Complications and grafts in septic vascular surgery - Analysis of the thrombogenicity properties of cryopreserved allografts and the determination of the healthy vascular microbiota
Hidi László
Clinical Medicine
Dr. Reusz György
SE Városmajori Klinikák Tanterme
2024-09-17 13:00:00
ógia/atherosclerosis
Dr. Prohászka Zoltán
Dr. Sótonyi Péter
Dr. Huszty Gergely Dénes
Dr. Takács Tibor
Dr. Sándor József
Dr. Ruppert Mihály
Dr. Galambos Barnabás
Even with modern infection control strategies, 3.5-32% of vascular surgical procedures are still
associated with infection in the surgical site. The main risk of the inflammatory process is the
development of life- or limb-threatening complications. There is a long-standing, unfulfilled
demand for a surgeon-friendly, infection-resistant, biocompatible, durable, off-the-shelf graft
material to prevent or treat these conditions. Although allografts come close to this, vascular
allograft transplants are still associated with many complications. The reasons for these are
likely found in the processes of graft production on the one hand and in the circumstances of
the transplantation on the other.
In our work, we analysed the CP protocol of the Cardiovascular Biobank of Semmelweis
University, with particular emphasis on the direct and storage time-dependent effects of CP on
the thrombogenicity of arterial allografts.

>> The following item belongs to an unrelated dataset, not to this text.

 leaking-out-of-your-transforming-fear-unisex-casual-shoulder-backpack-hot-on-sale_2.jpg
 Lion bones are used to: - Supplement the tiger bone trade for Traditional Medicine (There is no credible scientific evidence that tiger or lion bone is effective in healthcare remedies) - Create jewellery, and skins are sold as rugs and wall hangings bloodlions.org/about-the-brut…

In addition, we analysed the human vascular
microbiota by examining arterial allografts as healthy vascular tissue. Our results on
thrombogenicity showed that arterial allografts preserved haemostatic properties similar to
fresh native arterial walls during CP with storage for six months. In addition, fibrin deposition
and platelet adhesion on cryopreserved arterial allografts decreased over time, demonstrating a
reduction in their thrombogenic potential. The only transient prothrombotic change was
observed in the media layer, where platelet deposition exceeded that of fresh native grafts
within the first twelve weeks after CP. In addition, in our study, we successfully developed a
method for identifying the human vascular microbiota using arterial allografts, which allowed
us to determine the bacterial composition of vascular samples from healthy individuals.

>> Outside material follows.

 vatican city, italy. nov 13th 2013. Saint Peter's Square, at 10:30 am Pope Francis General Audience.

Furthermore, we demonstrated the uniqueness of the healthy vascular microbiota by comparing
our results with physiological microbiota found elsewhere in the body.
Our thrombogenicity results demonstrate the effect of frozen storage time on allografts. This
prompts us to investigate longer storage times further to optimise the production of
cryopreserved allografts and the potential need for drug therapy. Besides, our microbiological
results, in addition to demonstrating the existence of a healthy vascular microbiota, could form
the basis for future research into the direct role of the microbiota in vascular wall disorders and
the success of allograft transplantation.